Ancora oggi il percorso è affascinante e impervio, la cittadella sembra inarrivabile, così come dovette esserlo per i soldati di Traiano.
La strada sterrata si inerpica per 18 Km, larga, fangosa, con ripide curve a gomito, sempre a ridosso del fiume. Nel regno dei daci si entra passando sotto una curiosa porta dallo stile orientaleggiante. Due pilastri squadrati sostengono un tettuccio stretto e spiovente. Sulla sinistra il muro “ospita” su sfondo azzurro uno stucco bianco che raffigura un guerriero daco, con tanto di spadone ricurvo. Sul pilastro di destra un romano, rappresentante del popolo che invase, combatté, distrusse i daci e poi colonizzò la nuova provincia dell’Impero. Il viaggio comincia su stradine di campagna fiancheggiate da piccole case di montagna, sparse in mezzo alla natura. Non sono numerose, ma sono fantasiose, sui cartelli di legno, ferro, alluminio, o sulle cortecce degli alberi, una freccia o una croce che indica la strada per la cetate (cittadella). Spesso, dopo qualche curva lo sguardo si sofferma sul disegno colorato e naif di un Cristo crocefisso circondato da santi. Guardando dal basso, la cima della rupe sembra sempre così lontana, conferendo un alone di regalità ed esclusività al mondo daco.

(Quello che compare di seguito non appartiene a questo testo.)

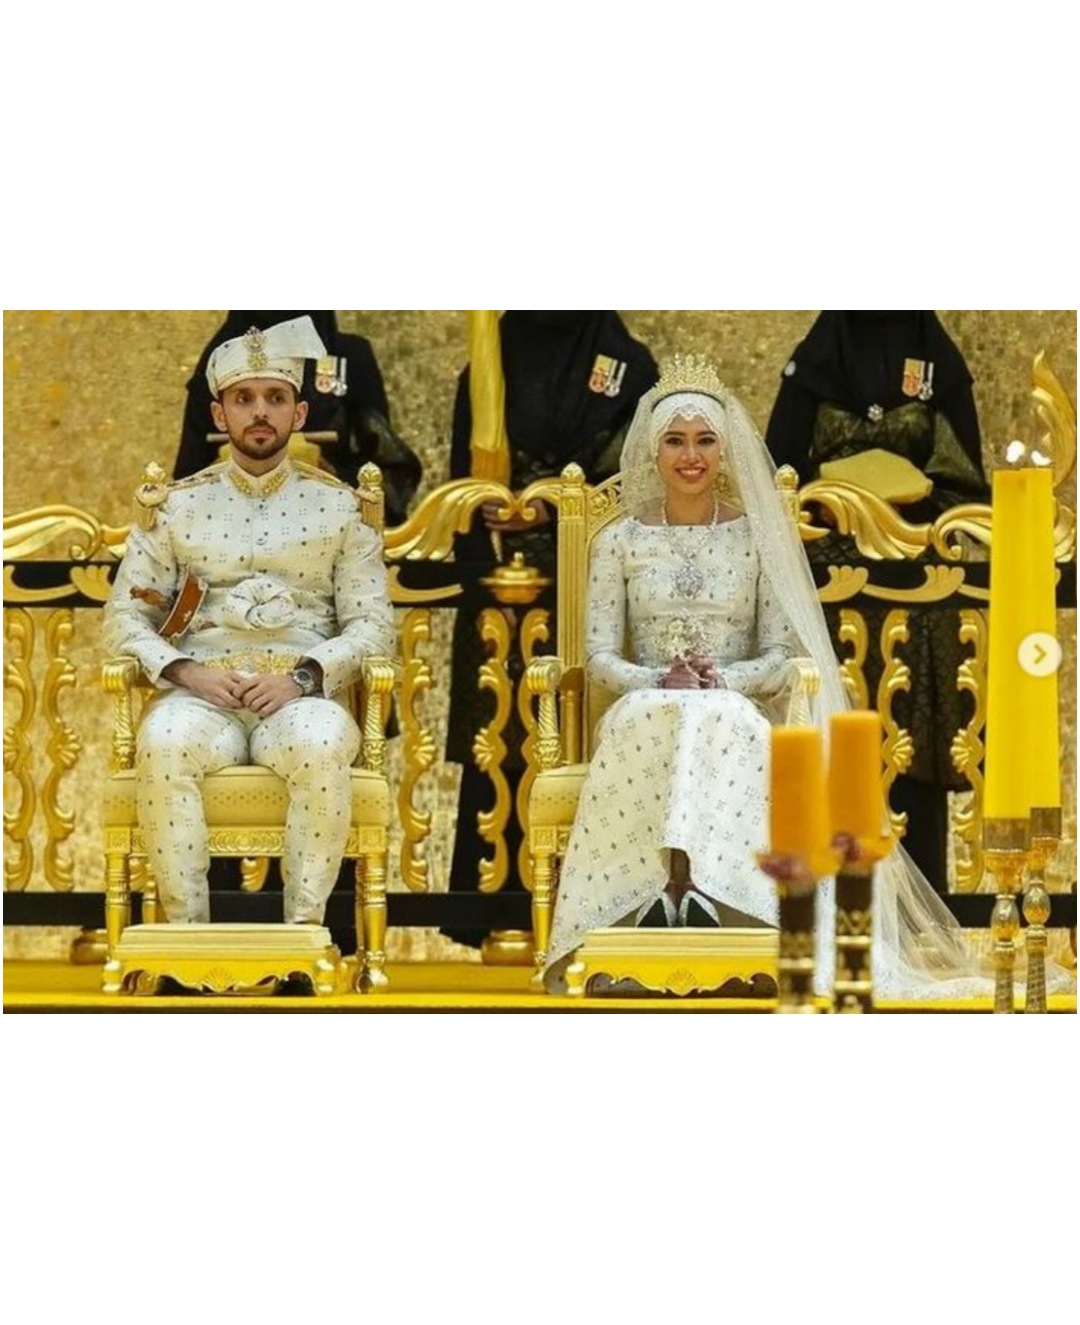 حفل زفاف أسطوري لإبنة سلطان بروناي في القصر السلطاني

Gli ultimi km di strada sono da percorrere a piedi, ma la fatica viene ampiamente ricompensata: dopo aver varcato le mura della città si attraversa un pezzo di bosco e si giunge alla radura dove si trova l’area sacra. Si possono ammirare i resti delle imponenti mura, ora in mezzo a un bosco di faggi, e la strada lastricata che portava all’ampia spianata dove si trovavano i templi, una terrazza erbosa che domina le valli circostanti. È un luogo indubbiamente di grande suggestione. L’area sacra è composto da due edifici circolari, il più grande formato di 104 anelli di andesite, con una fila di pilastri parallelepipedi e, verso il centro, altre due file di pali lignei coperti da lastre di terracotta, la prima, circolare, la seconda a ferro di cavallo. La disposizione dei pilastri di andesite presenta un particolare interesse: la loro divisione in 30 gruppi di 7 pilastri, fa pensare a un rapporto tra questo santuario e certi fenomeni celesti e persino all’ipotesi che il monumento fosse la rappresentazione architettonica del calendario dacico.

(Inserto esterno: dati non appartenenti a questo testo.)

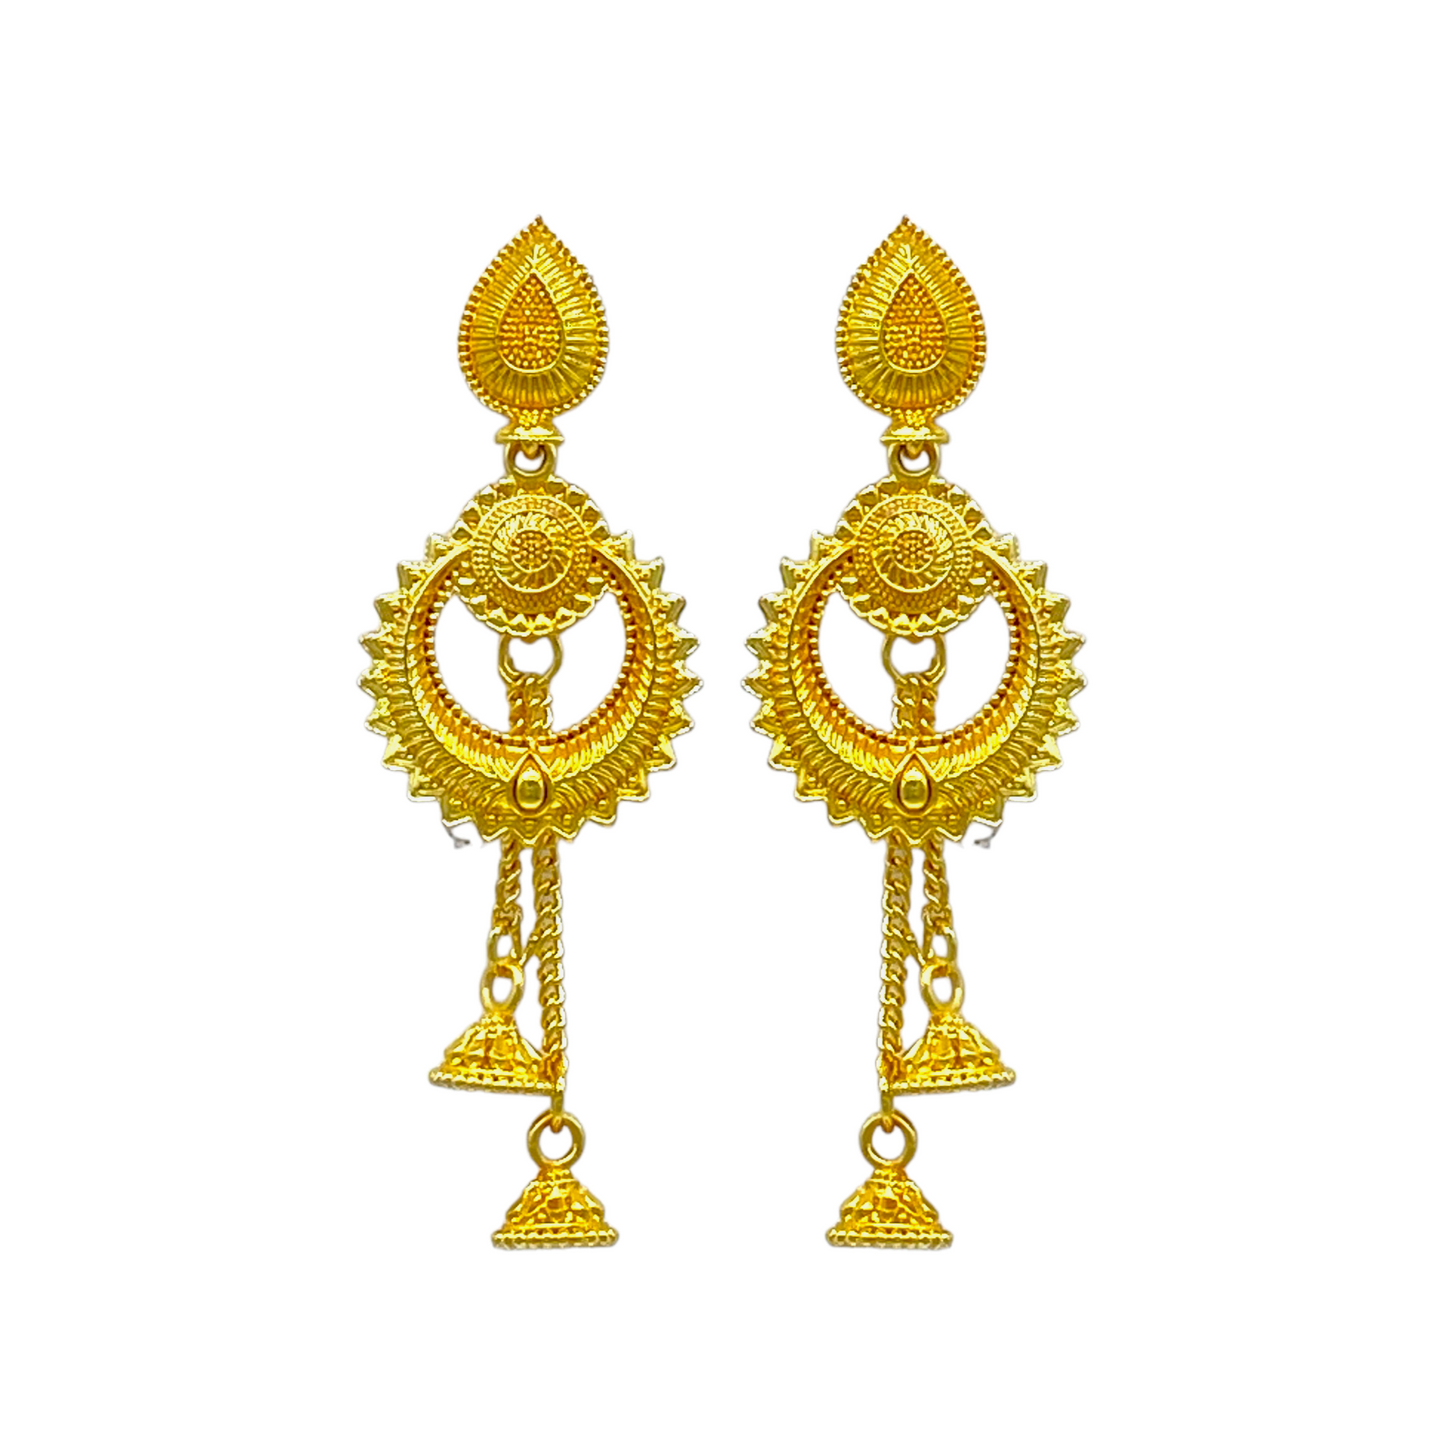 Gold Chandbali Earrings with Stylish Dangling chain with Zumkha

Molto interessante è il disco solare trovato vicino al grande santuario circolare, suddiviso in 10 spicchi di circa 36° ognuno, il che renderebbe evidente che i daci conoscessero molto bene il periodo terrestre di 365 giorni ma non fossero adeguatamente precisi nelle misurazioni o nel taglio dell’ andesite. La scoperta del sole di pietra è considerata la prova più certa dell’esistenza di un culto solare presso i Daci, nei secoli I a. C. e I d. C. Intorno ci sono sassi “piantati” nell’erba a formare rettangoli e quadrati, resti di quelle che dovevano essere colonne allineate come soldati.

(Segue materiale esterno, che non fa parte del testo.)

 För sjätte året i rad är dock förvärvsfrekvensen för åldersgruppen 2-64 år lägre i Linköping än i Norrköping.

Non è ancora chiaro come siano riusciti a trasportare i pesanti blocchi di pietra fino alla sistemazione finale per un percorso così lungo e impervio, ma per gli ufologi non ci sono dubbi, l’aiuto alieno è inoppugnabile!
Sulla strada di ritorno fermatevi a parlare con qualche contadino… se lo trovate. Vi racconterà dei cacciatori di tesori che, fino qualche anno fa, giravano di notte da queste parti e di un americano che avrebbe pagato oltre quattro milioni di euro per quindici bracciali d’oro massiccio. Se gli chiedete perché non si sistema un po’ la strada vi risponderà che ai daci non sarebbe piaciuta l’idea di rendere più accessibile la loro enigmatica fortezza!